DATASET EXCERPT
----------
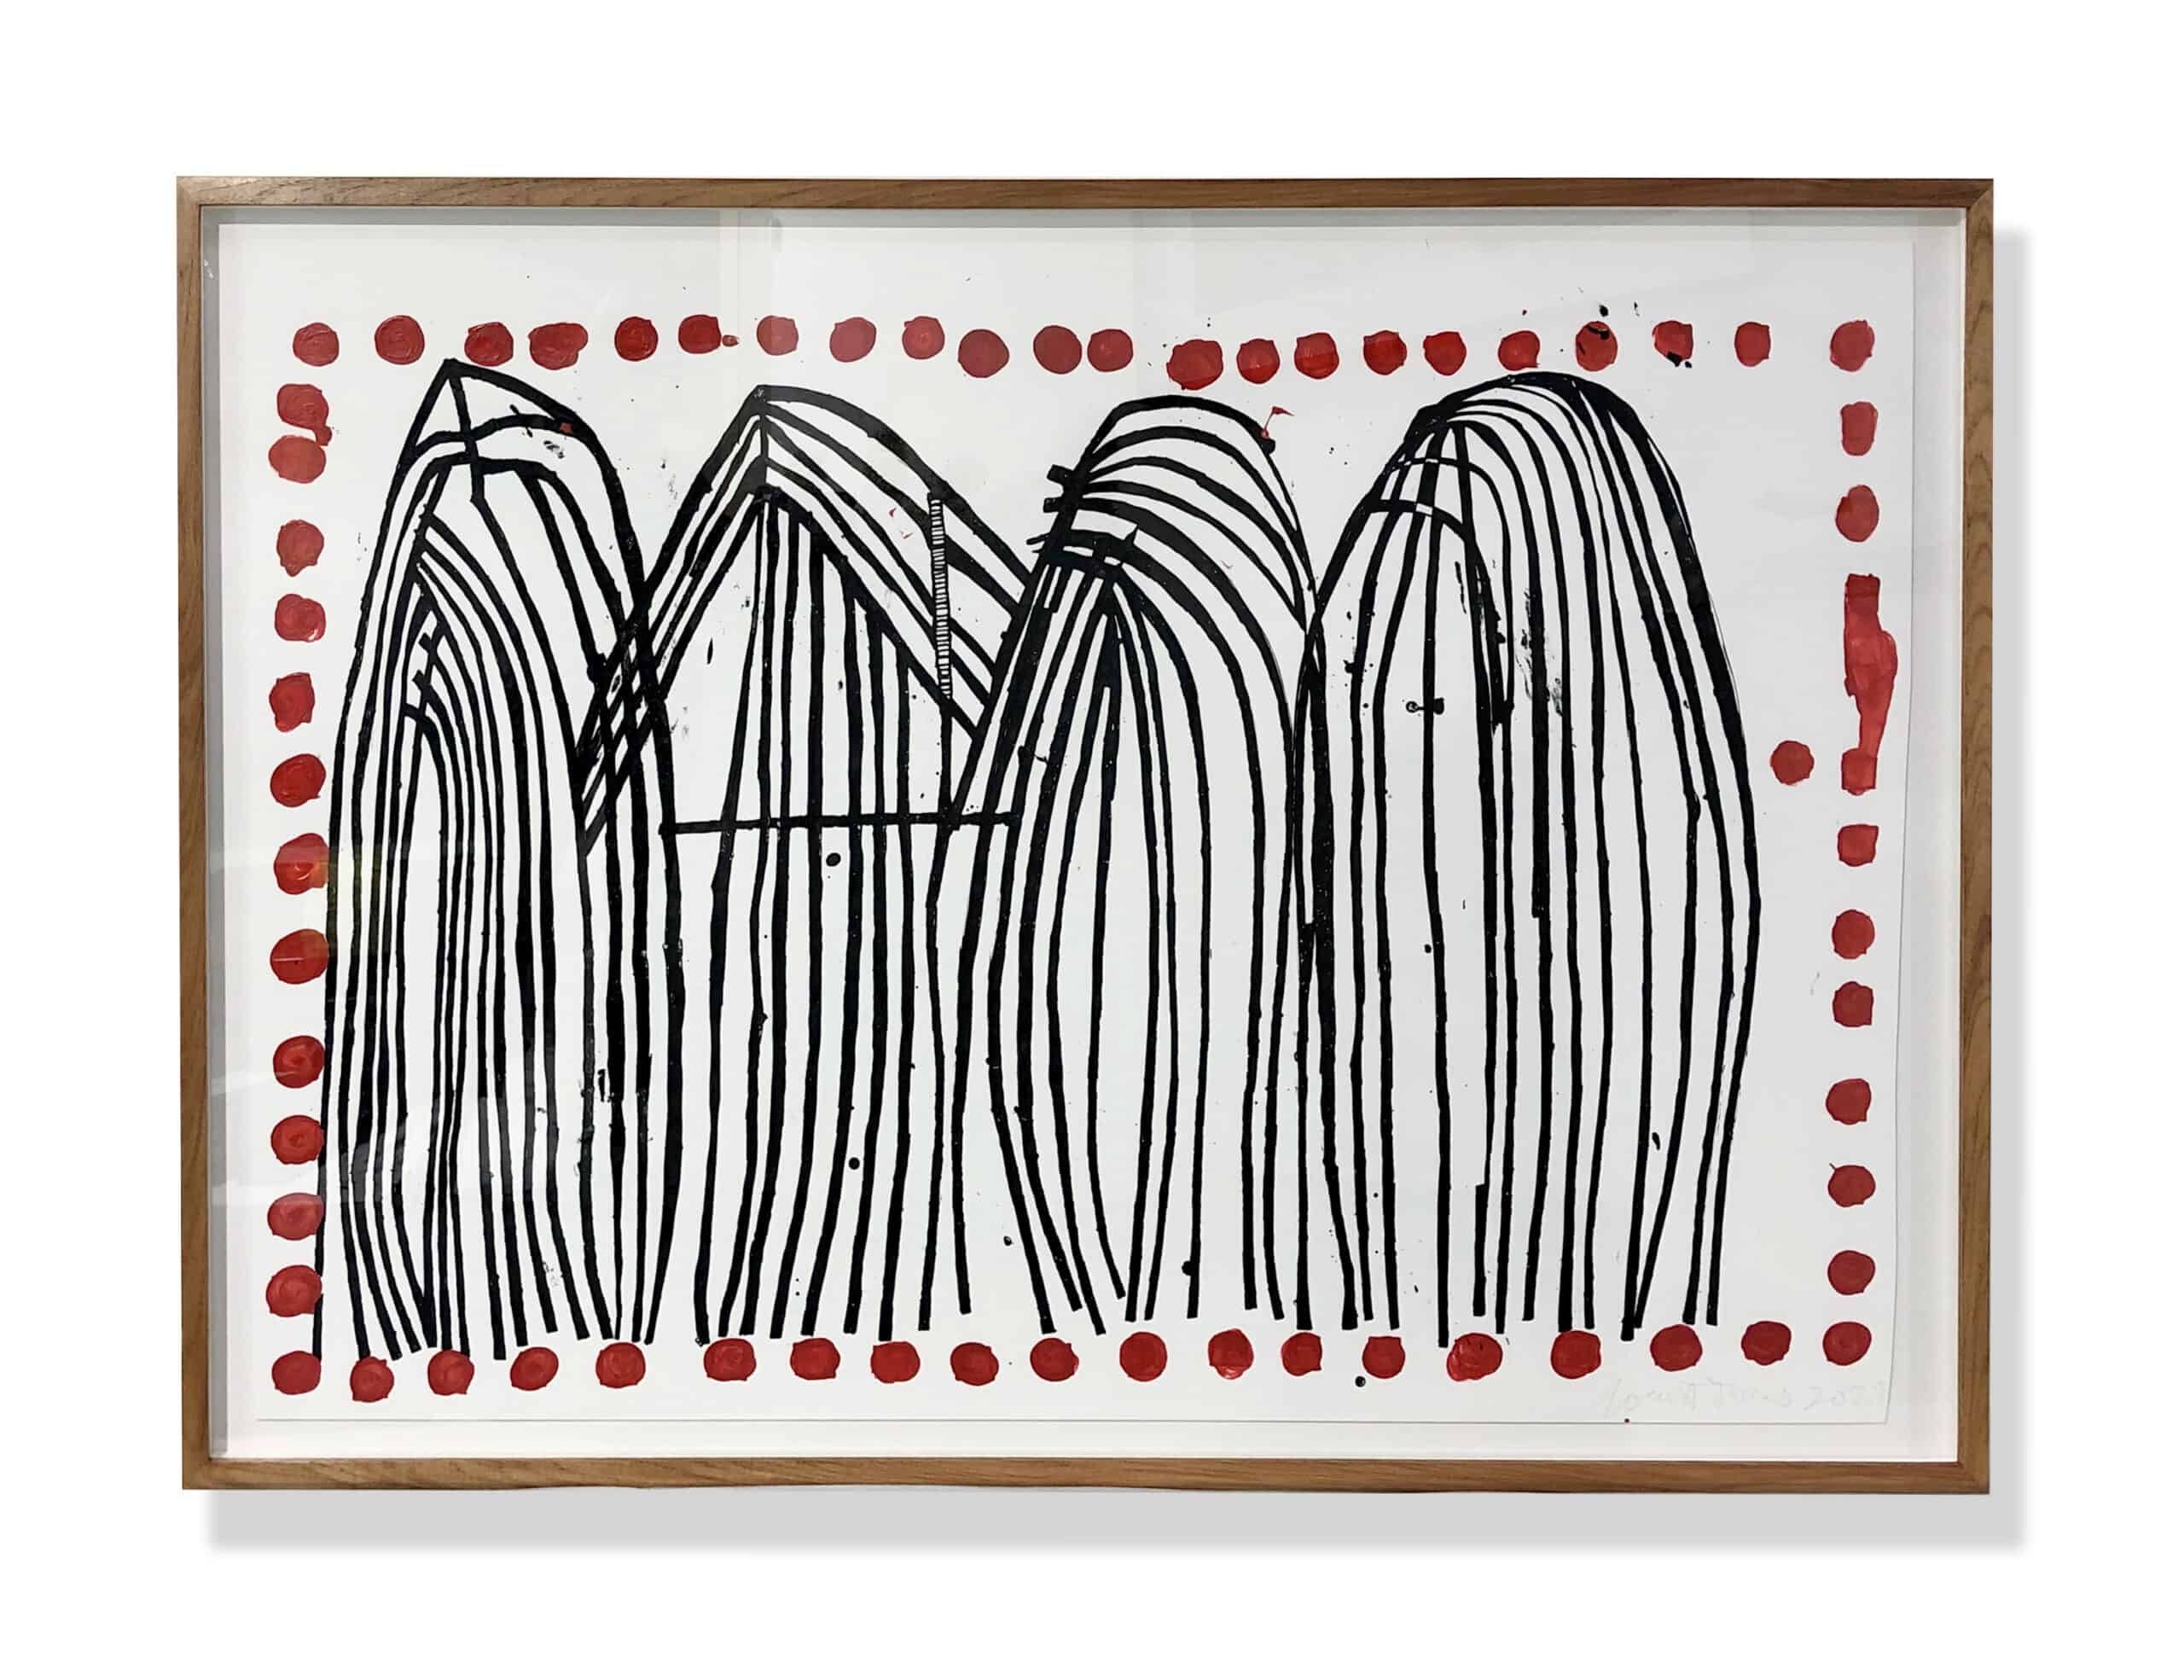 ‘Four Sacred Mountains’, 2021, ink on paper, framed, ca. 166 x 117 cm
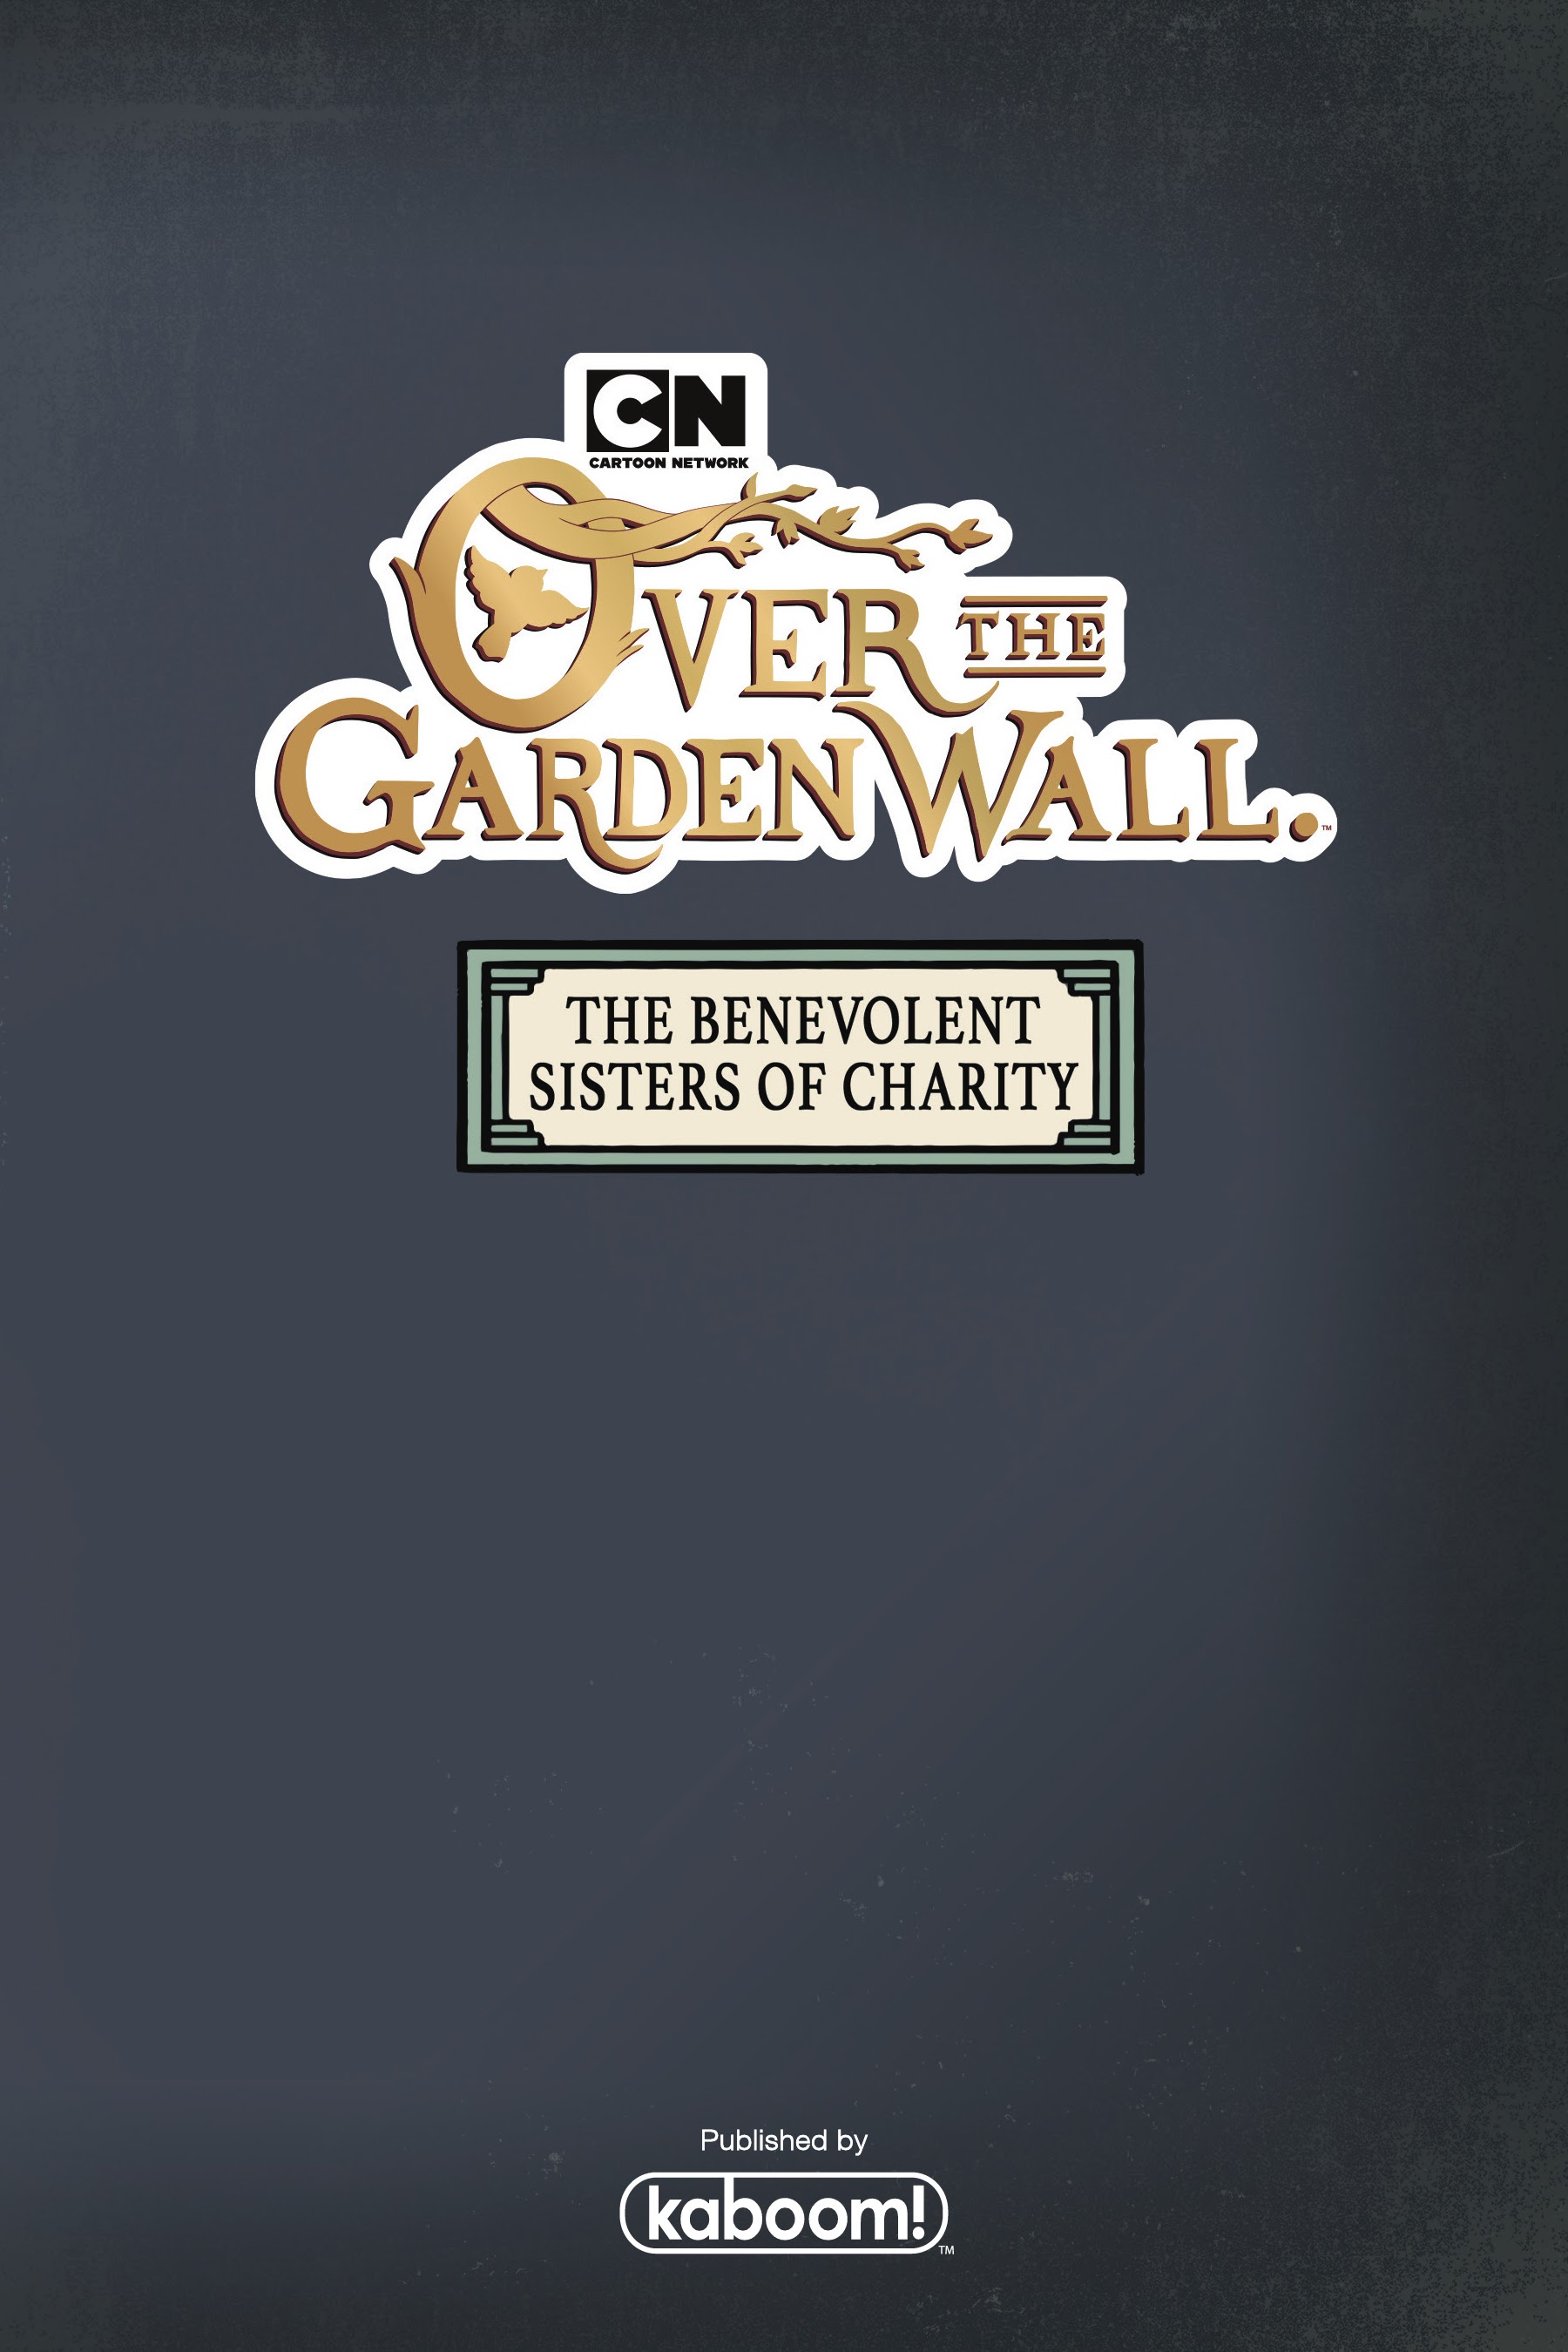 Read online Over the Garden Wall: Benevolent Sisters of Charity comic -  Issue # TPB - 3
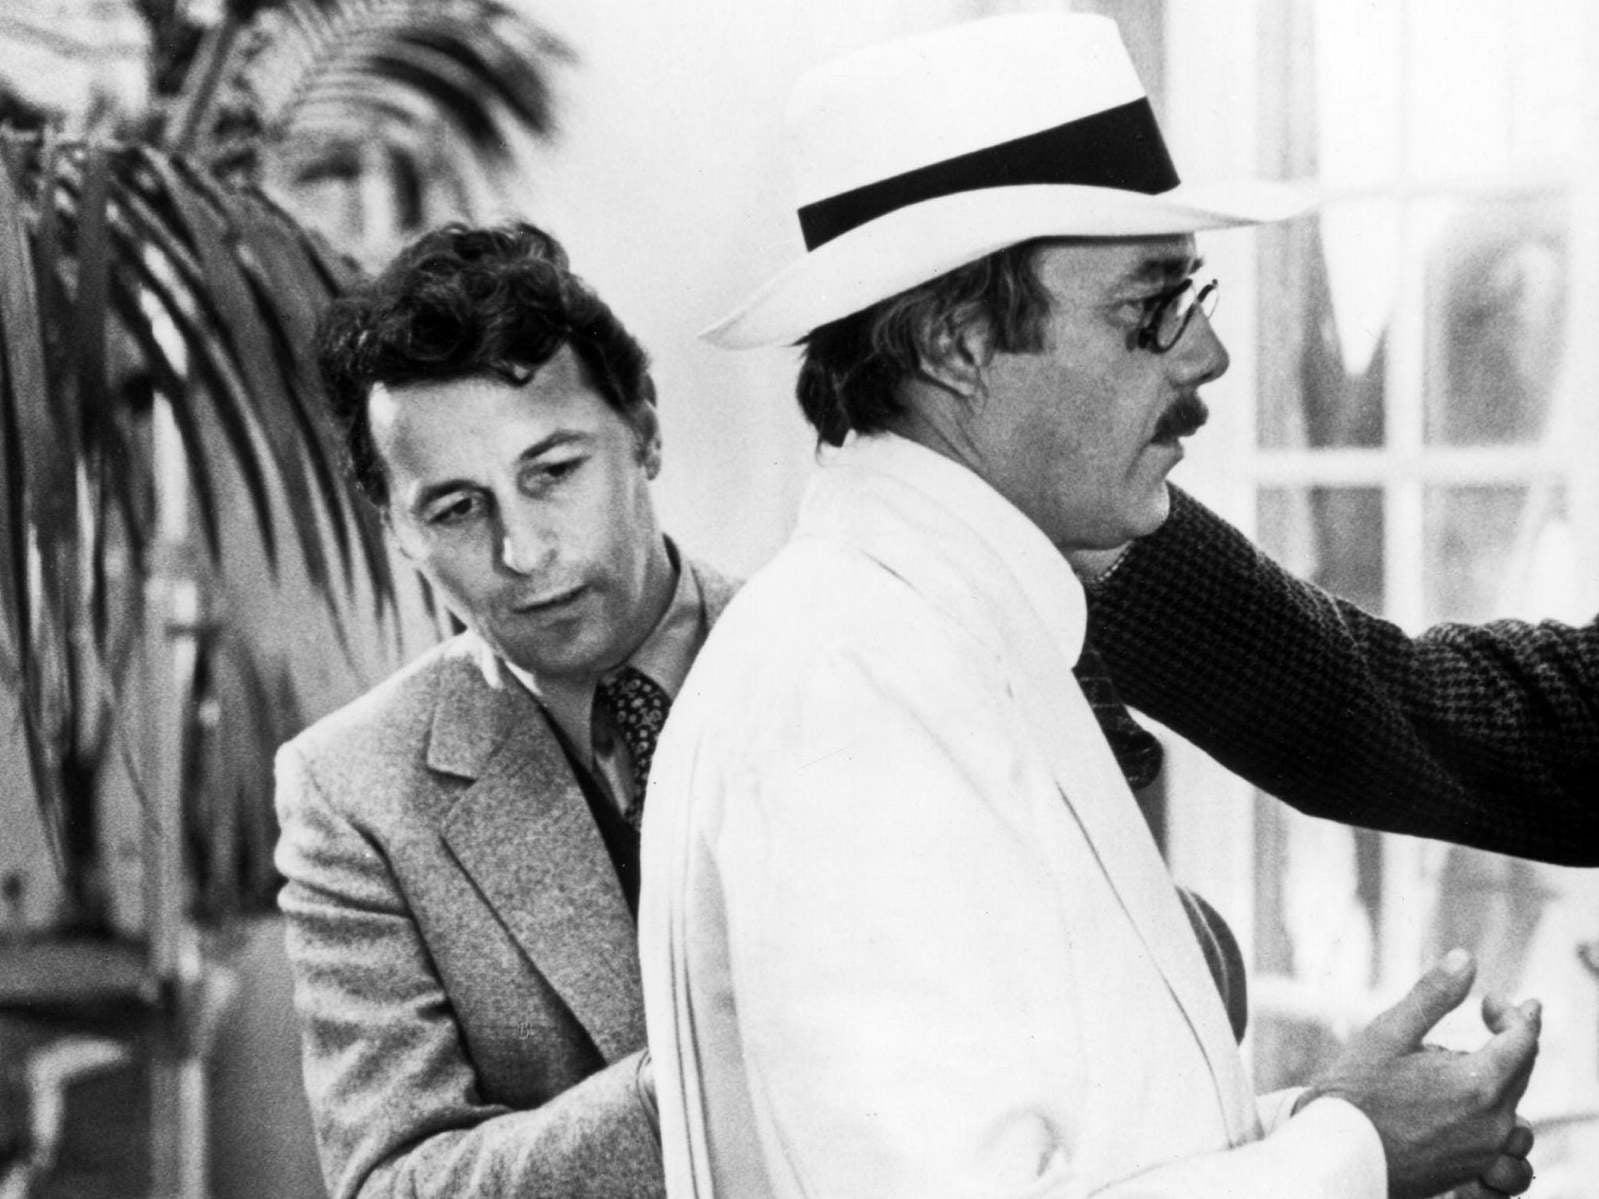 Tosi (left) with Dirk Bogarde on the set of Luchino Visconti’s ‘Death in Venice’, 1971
----------
WORK REQUIRED
The line containing "Read online Over" and each line after it through the end of the listing above are to be written out exactly, without the pictures.

EXERCISE SOLUTION
 Read online Over the Garden Wall: Benevolent Sisters of Charity comic -  Issue # TPB - 3
 Tosi (left) with Dirk Bogarde on the set of Luchino Visconti’s ‘Death in Venice’, 1971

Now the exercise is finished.